Directions - Your copy should match the listing below exactly, except that it holds no images.

Data -
⁂
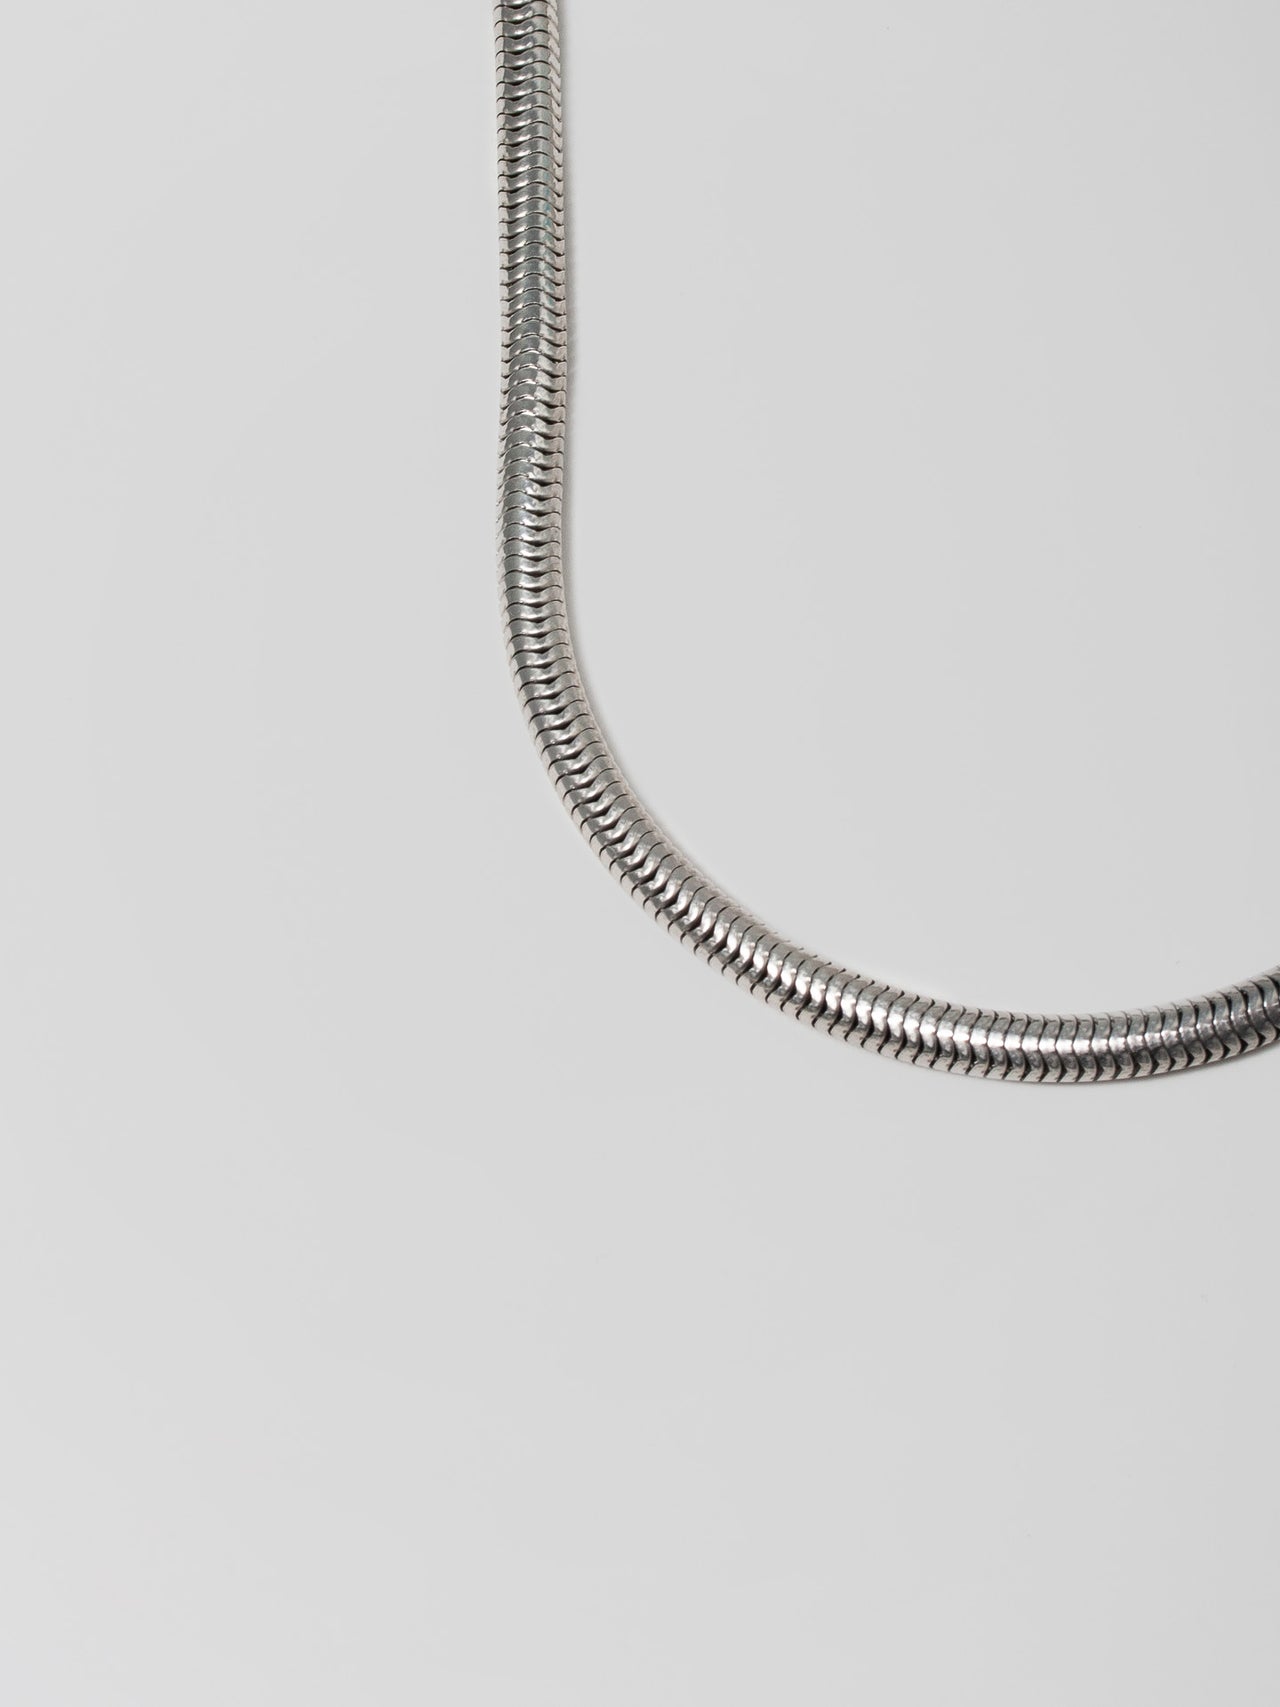 Sterling Silver XXL Snake Chain Necklace shot on light grey background.
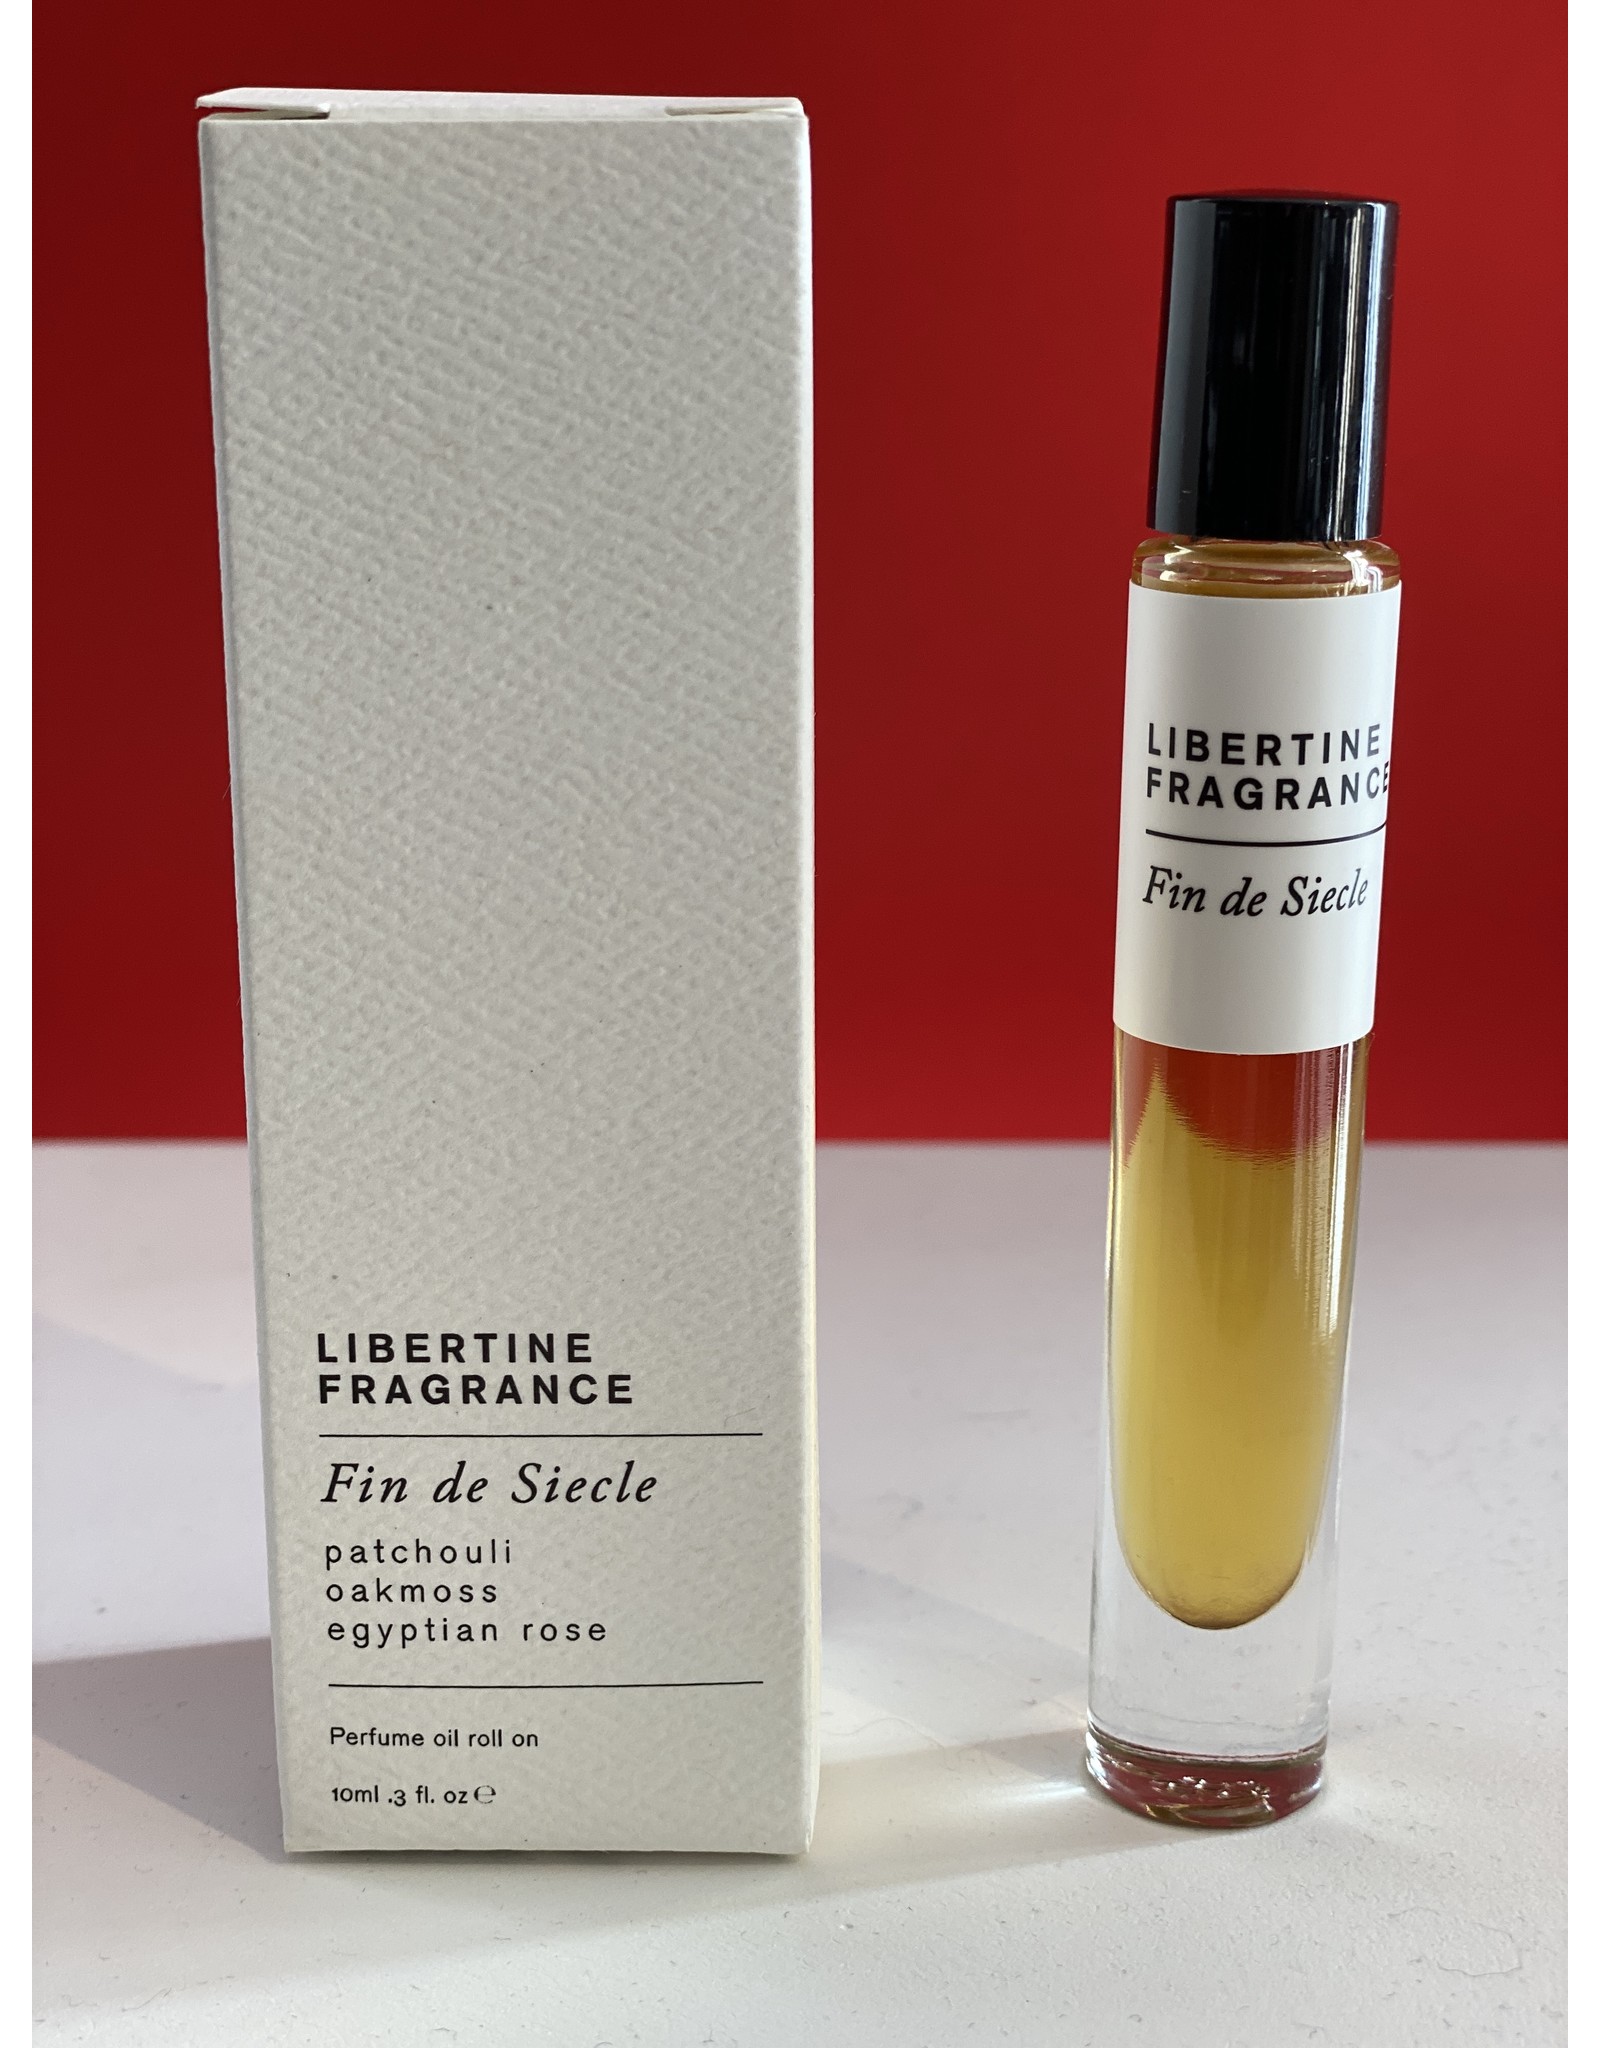 Libertine Fragrance Fin de Siecle Perfume Oil
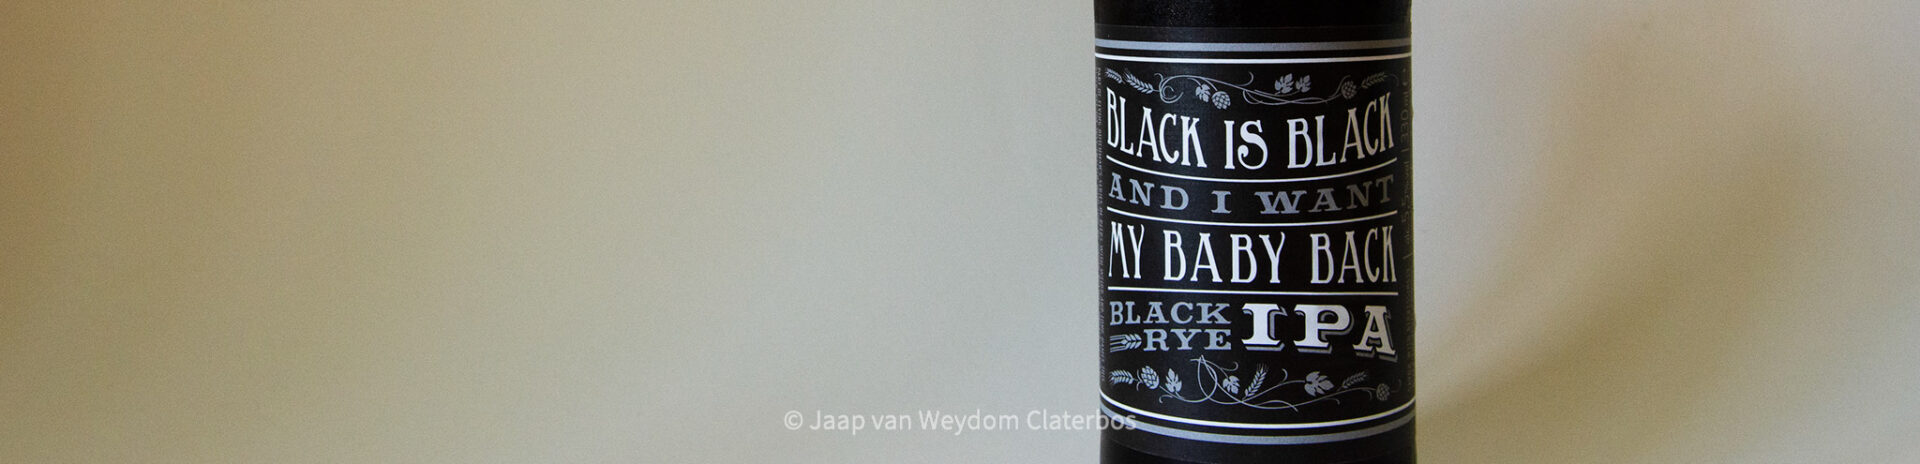 Black Rye IPA - The Flying Dutchman
⁂
Completed exercise -
 Sterling Silver XXL Snake Chain Necklace shot on light grey background.
 Libertine Fragrance Fin de Siecle Perfume Oil
 Black Rye IPA - The Flying Dutchman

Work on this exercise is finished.